* **EXERCISE DESCRIPTION**
An exact copy of the lines from the top of the data through the line with "Färgfotografi av frampärmen" is what you should give, with no pictures in it.

* **INFORMATION SHOWN**

- Opening Delimiter -

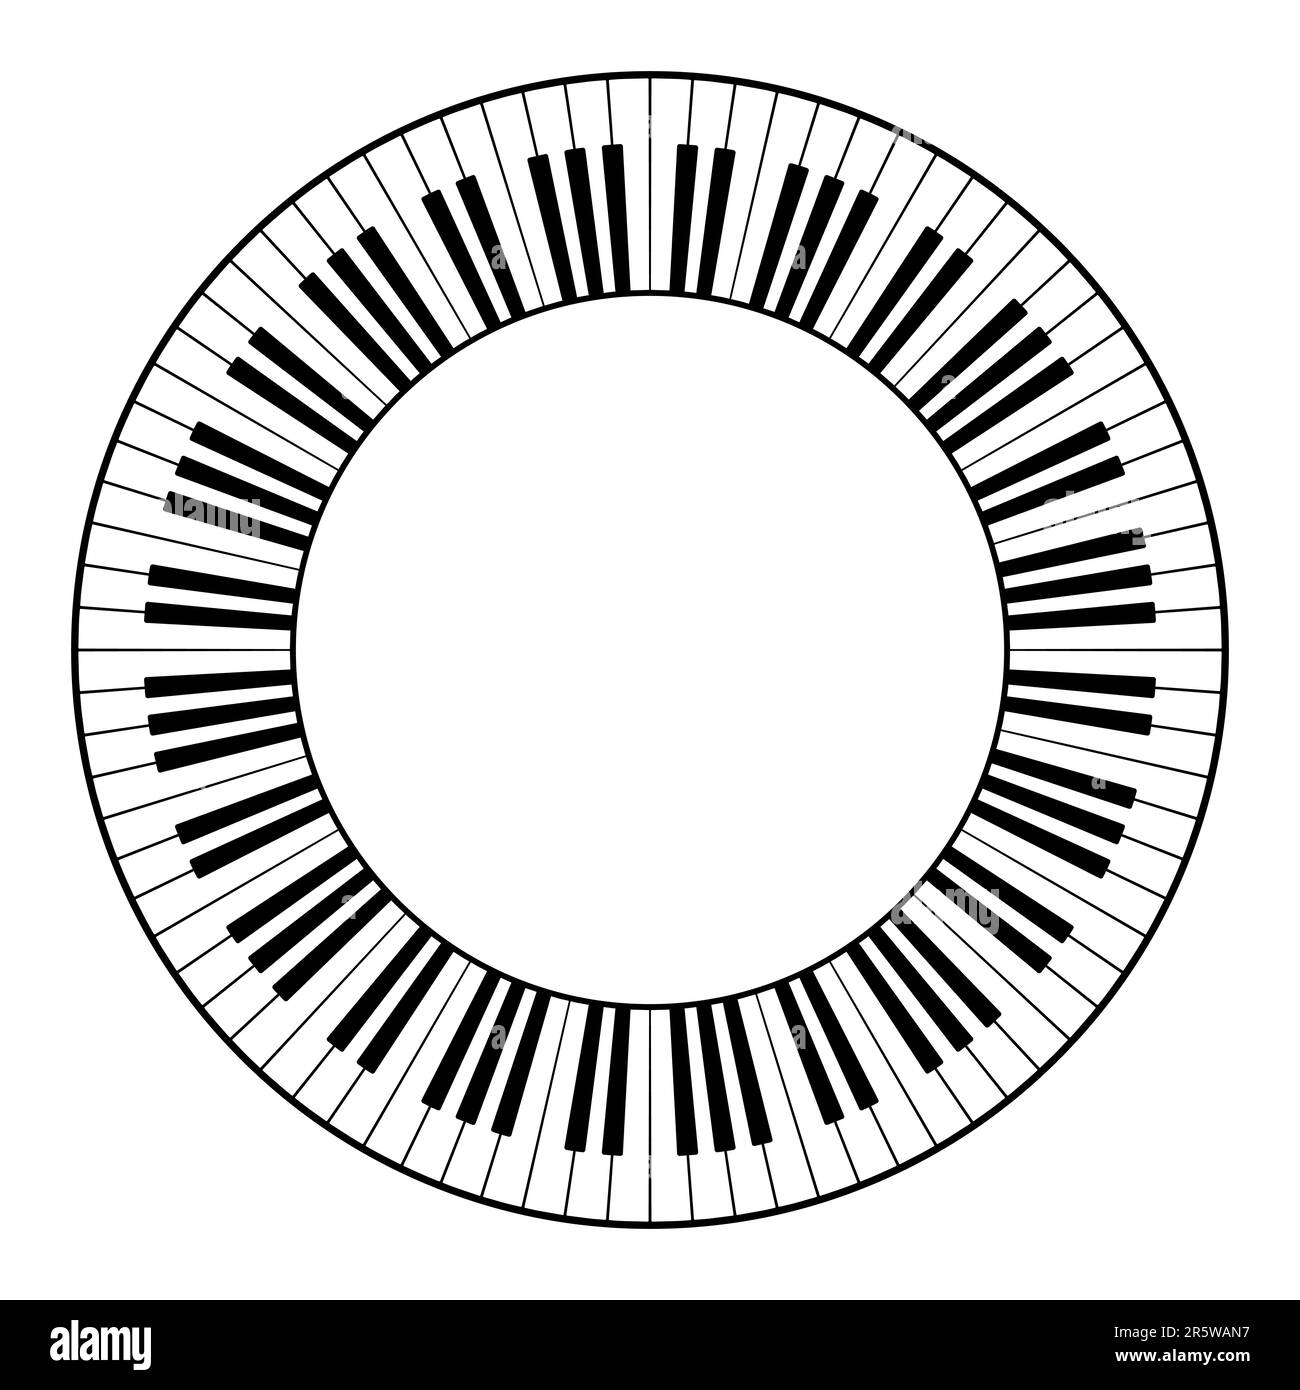 Tastiera musicale a dodici ottave, cornice circolare. Bordo decorativo, costruito da dodici ottave, tasti bianco e nero della tastiera del pianoforte. Foto Stock
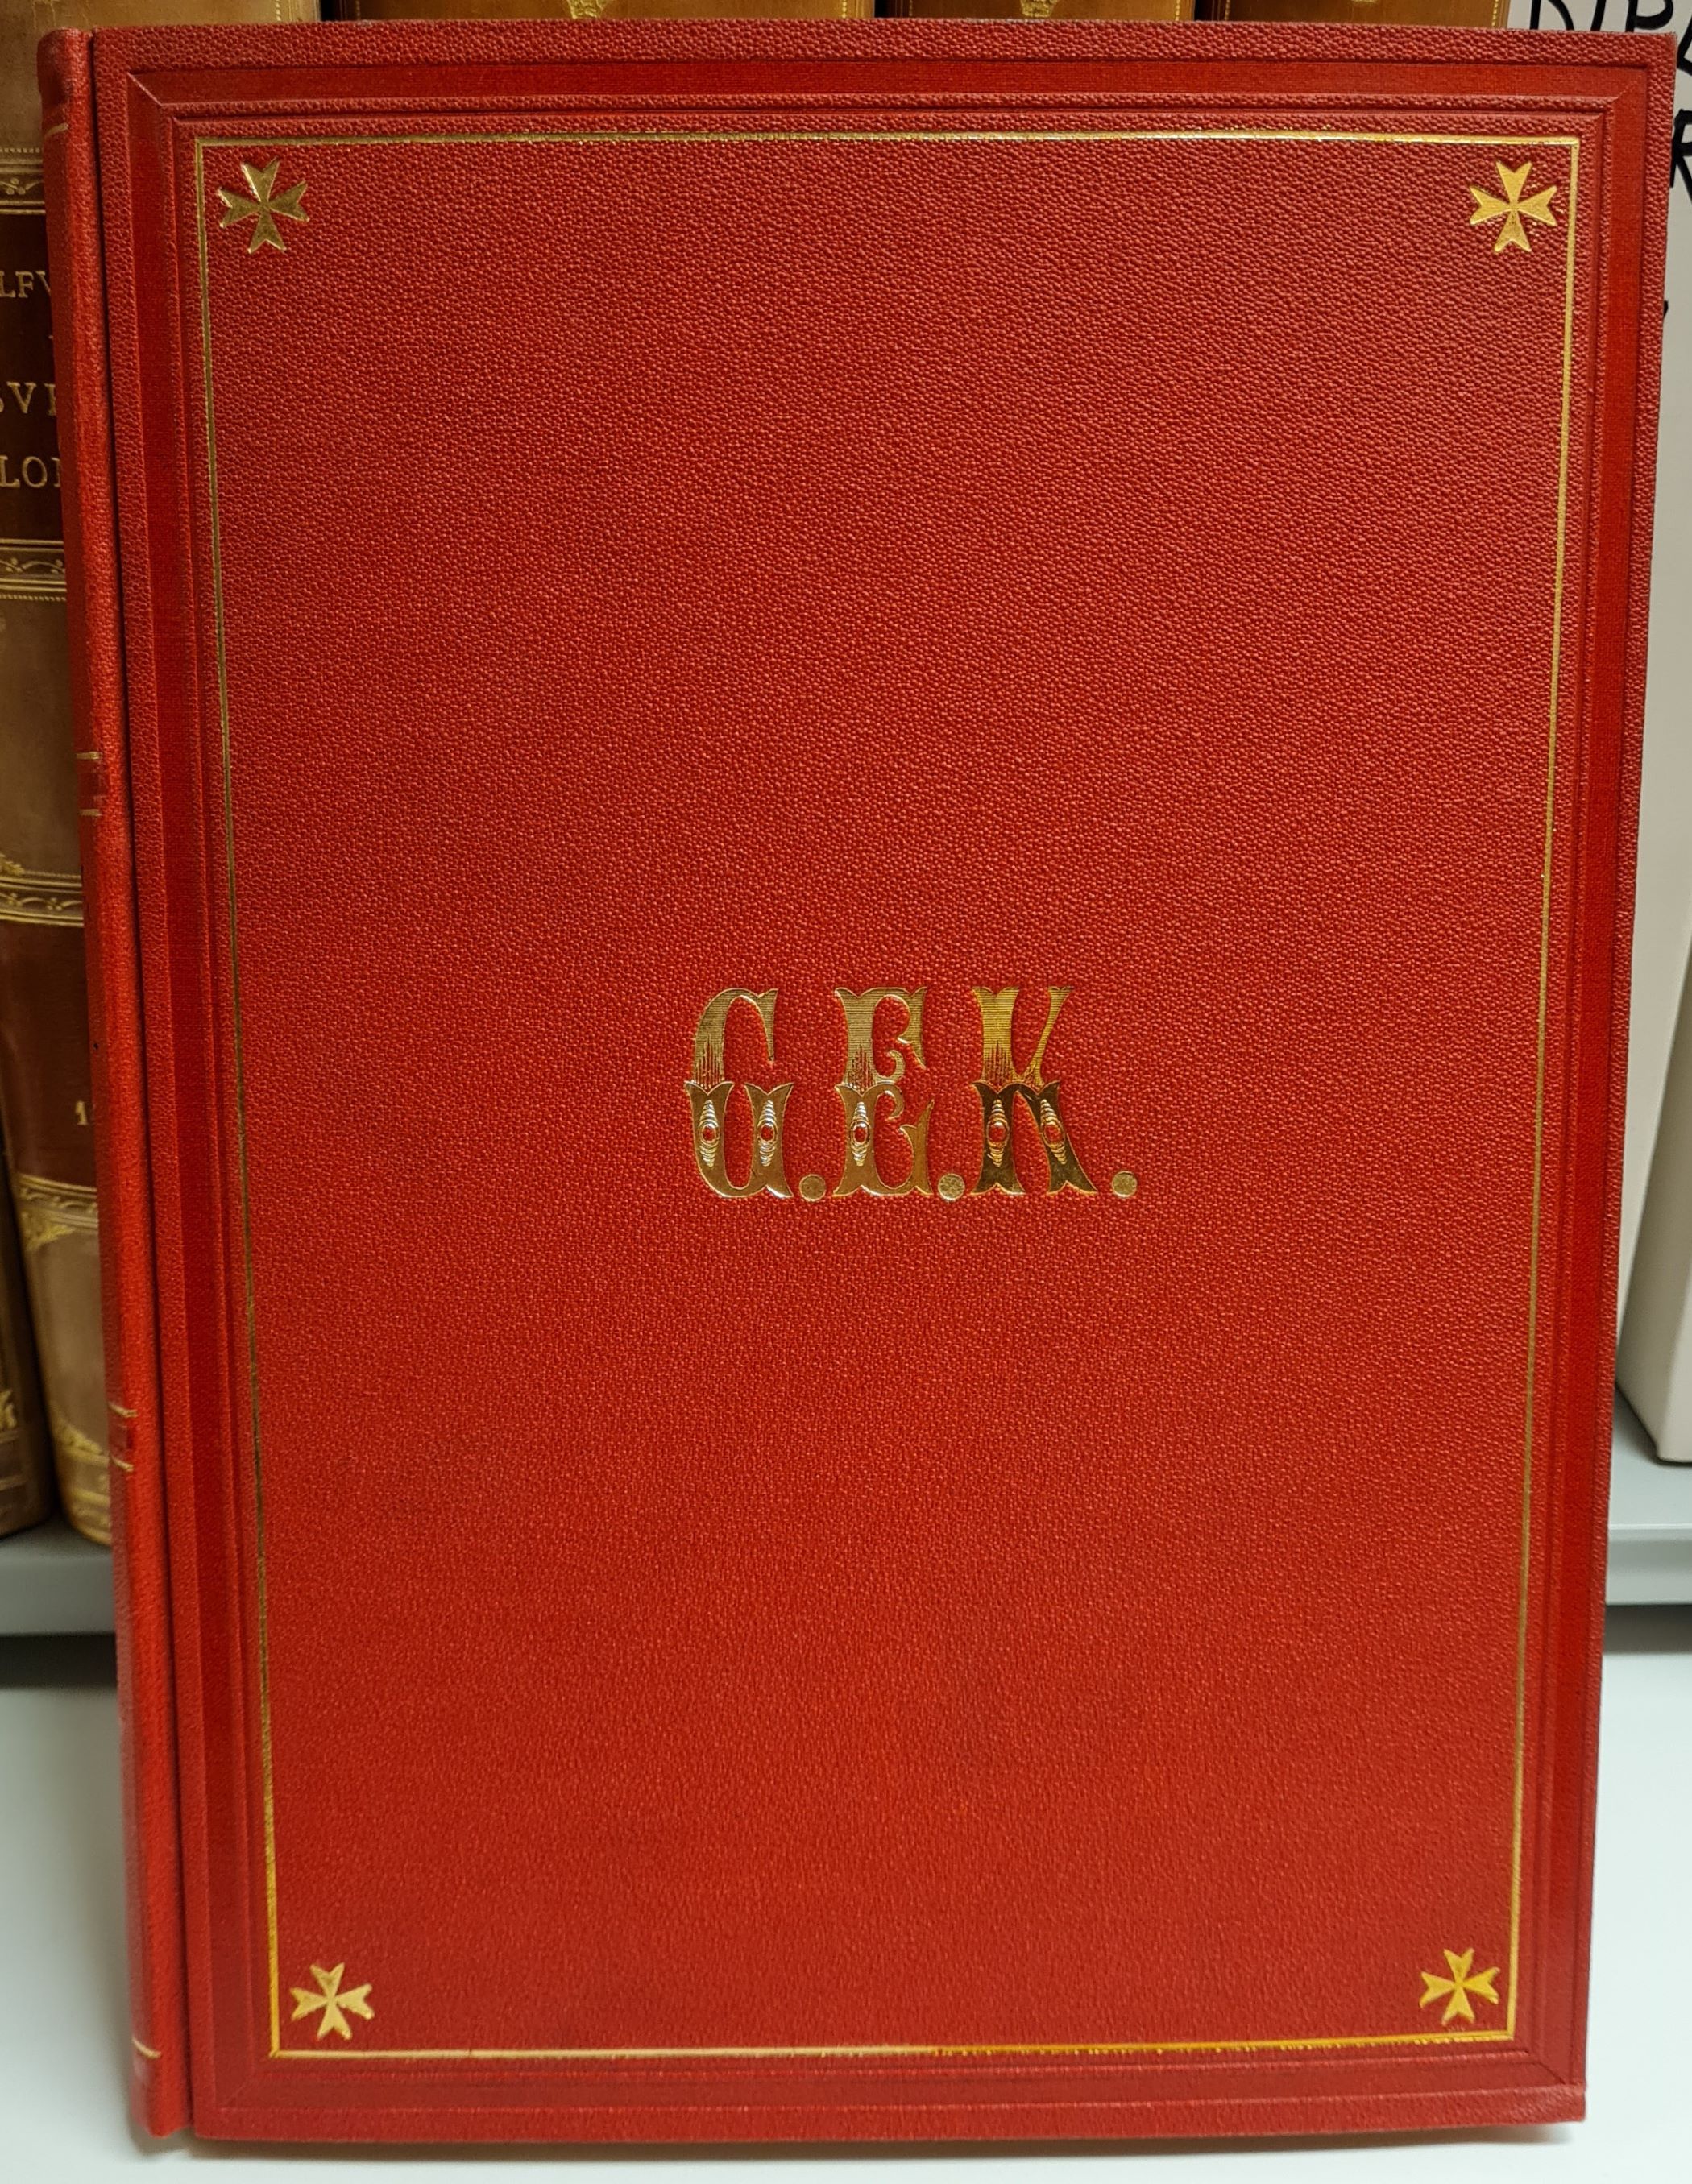 Färgfotografi av frampärmen på ett rött bokband med förgyllda detaljer, däribland fyra frimurarstjärnor och monogrammet G. E. K.
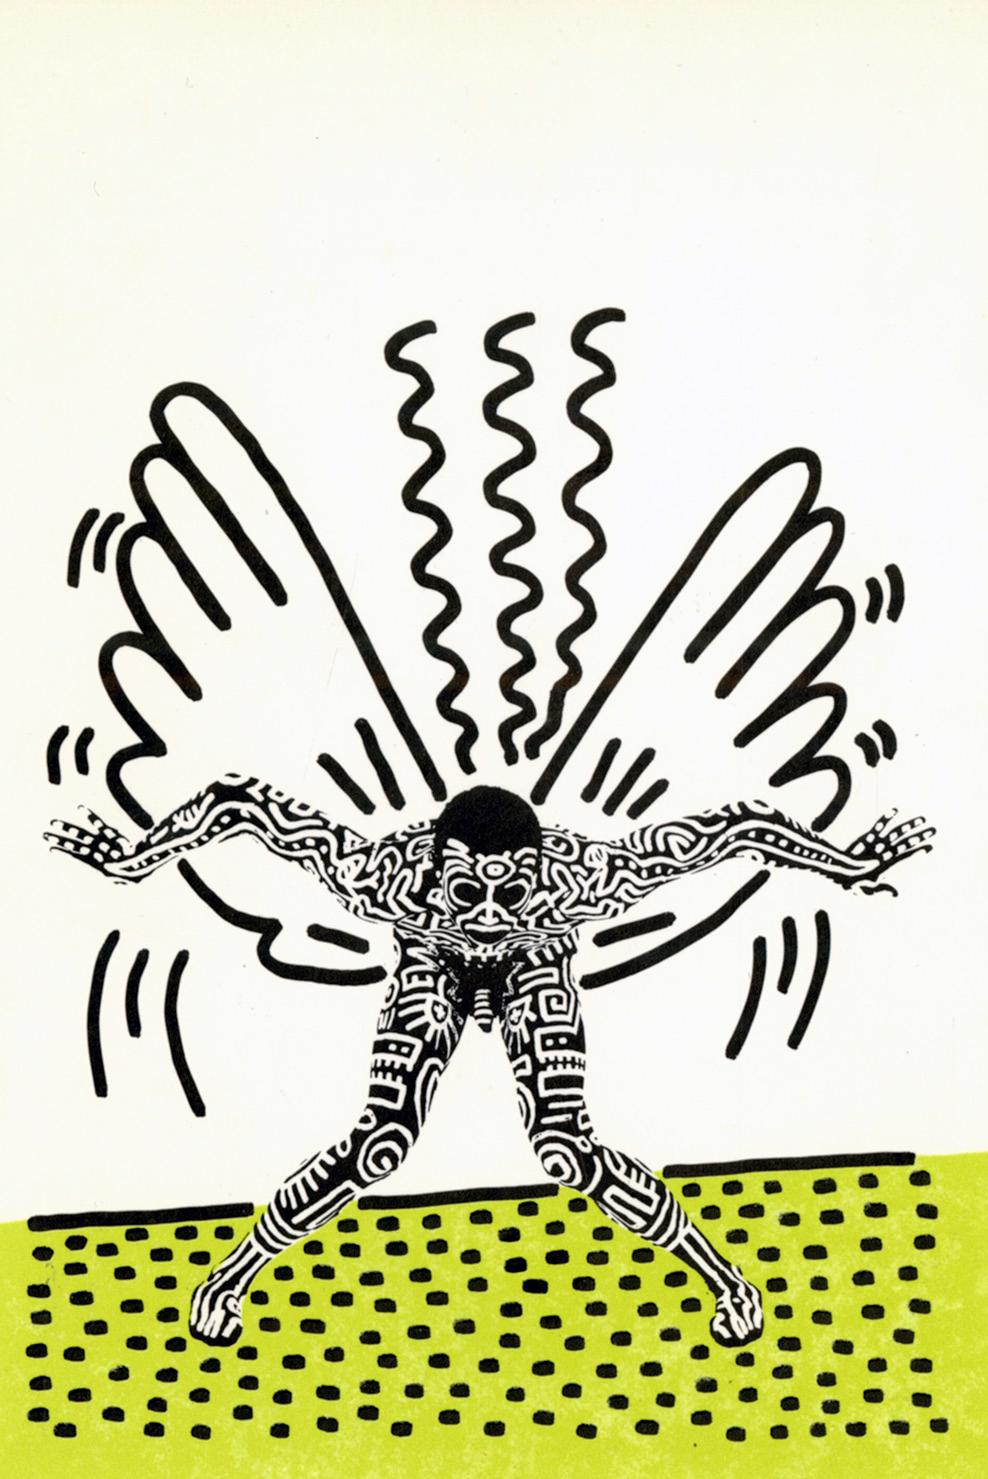 Keith Haring Into 84/Keith Haring Painted Man 1983 : 
Carton d'annonce pour l'exposition bien documentée de Keith Haring, "Into 84", à la Tony Shafrazi Gallery, New York, 1983. Pour cette série, Haring a emprunté le corps de Bill AT&T Jones - de la

- Closing Delimiter -

* **WRITTEN RESPONSE**
 Tastiera musicale a dodici ottave, cornice circolare. Bordo decorativo, costruito da dodici ottave, tasti bianco e nero della tastiera del pianoforte. Foto Stock
 Färgfotografi av frampärmen på ett rött bokband med förgyllda detaljer, däribland fyra frimurarstjärnor och monogrammet G. E. K.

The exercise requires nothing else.